Industri Gerabah Kasongan Bantul Butuh Regenerasi, Wapres Berharap Generasi Muda Tertarik

Newswire
Newswire Rabu, 07 Agustus 2024 20:57 WIB
Industri Gerabah Kasongan Bantul Butuh Regenerasi, Wapres Berharap Generasi Muda Tertarik

Wapres Ma'ruf Amin saat meninjau kegiatan produksi gerabah di MuseumKu Gerabah Timbul Raharjo Kasongan Kabupaten Bantul, Rabu (7/8/2024). Antara/ist-Humas Pemda DIY

Harianjogja.com, BANTUL—Industri kreatif gerabah di Kasongan, Kelurahan Tirtonirmolo, Kecamatan Kasihan, Kabupaten Bantul perlu ada regenerasi. Wakil Presiden Republik Indonesia Ma'ruf Amin mengharapkan ada regenerasi atau generasi muda yang meneruskan.

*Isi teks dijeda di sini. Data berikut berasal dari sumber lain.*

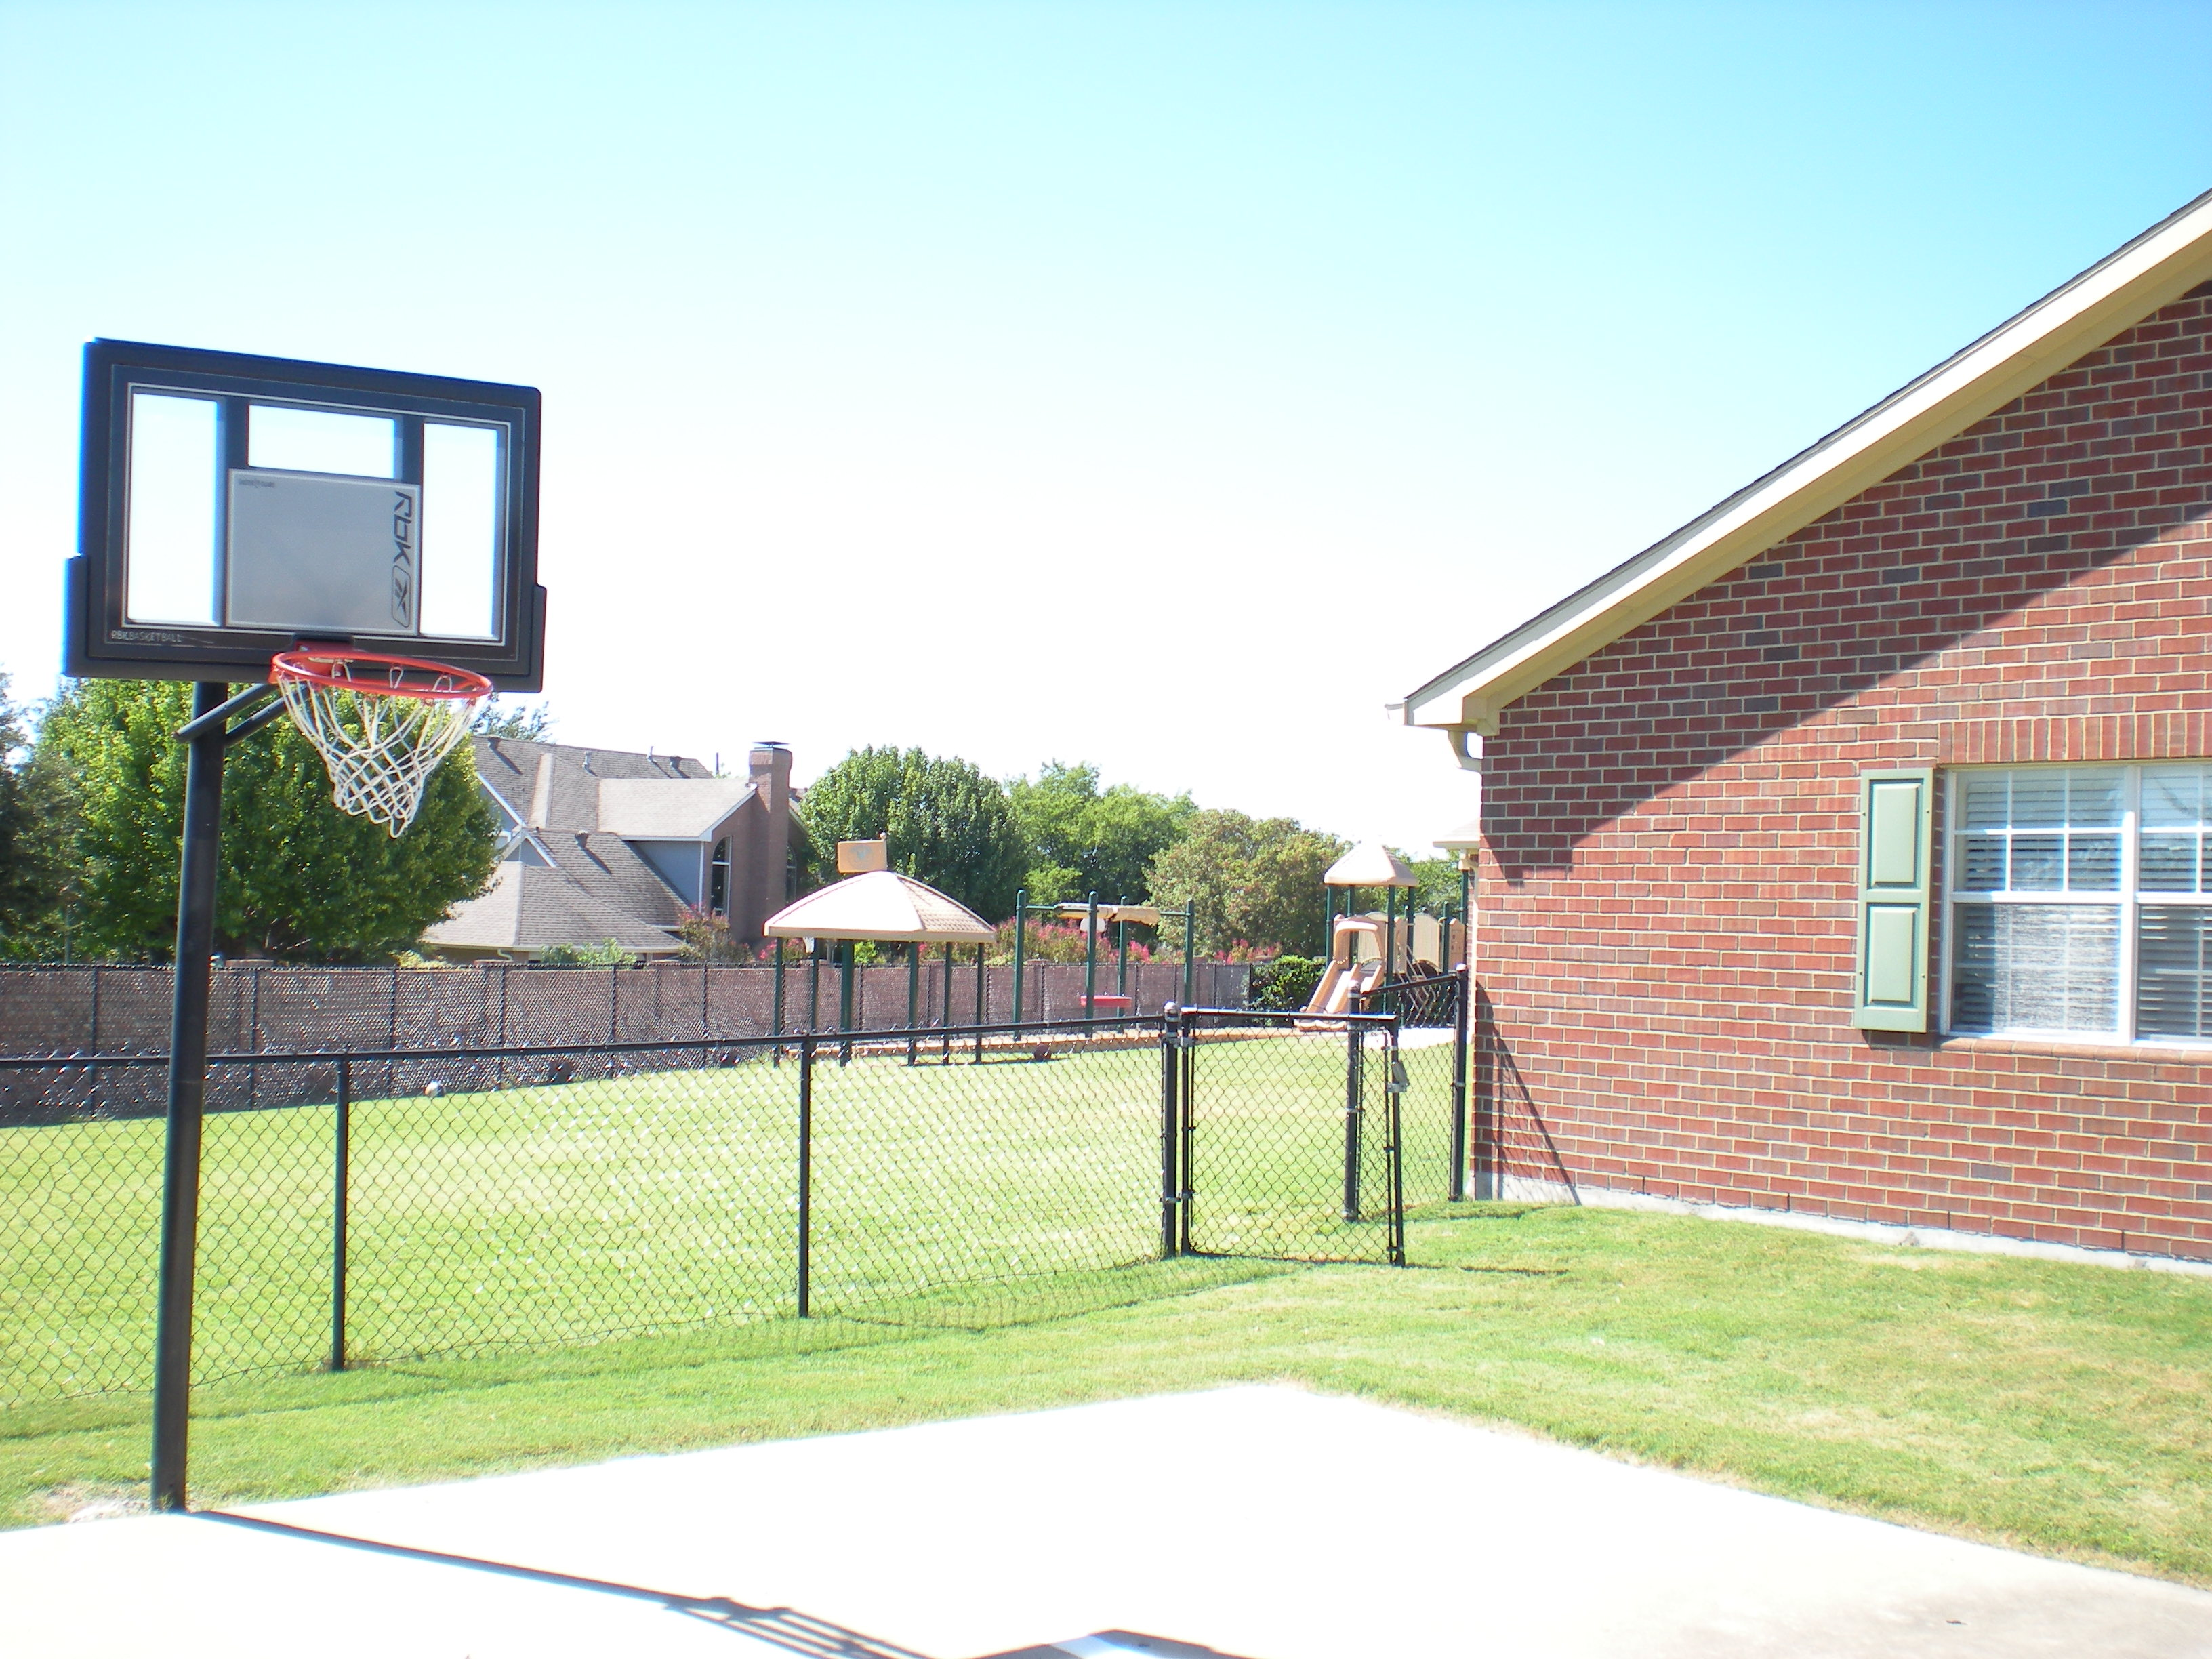 Primrose School of Rockwall image 5

"Jadi beliau (Wapres) tadi di dalam memberikan harapan harus ada regenerasi. Generasi muda Bantul ini harus ada yang melanjutkan industri kreatif ini," kata Bupati Bantul Abdul Halim Muslih usai mendampingi Wapres dalam kunjungannya ke MuseumKu Gerabah Kasongan Bantul, Rabu (7/8/2024).

Menanggapi hal tersebut, Bupati Bantul kemudian menyampaikan kepada Wapres Ma'ruf Amin, bahwa di Kabupaten Bantul sudah ada lembaga pendidikan yang juga fokus dalam pengembangan sumber daya manusia (SDM) pelaku ekonomi kreatif.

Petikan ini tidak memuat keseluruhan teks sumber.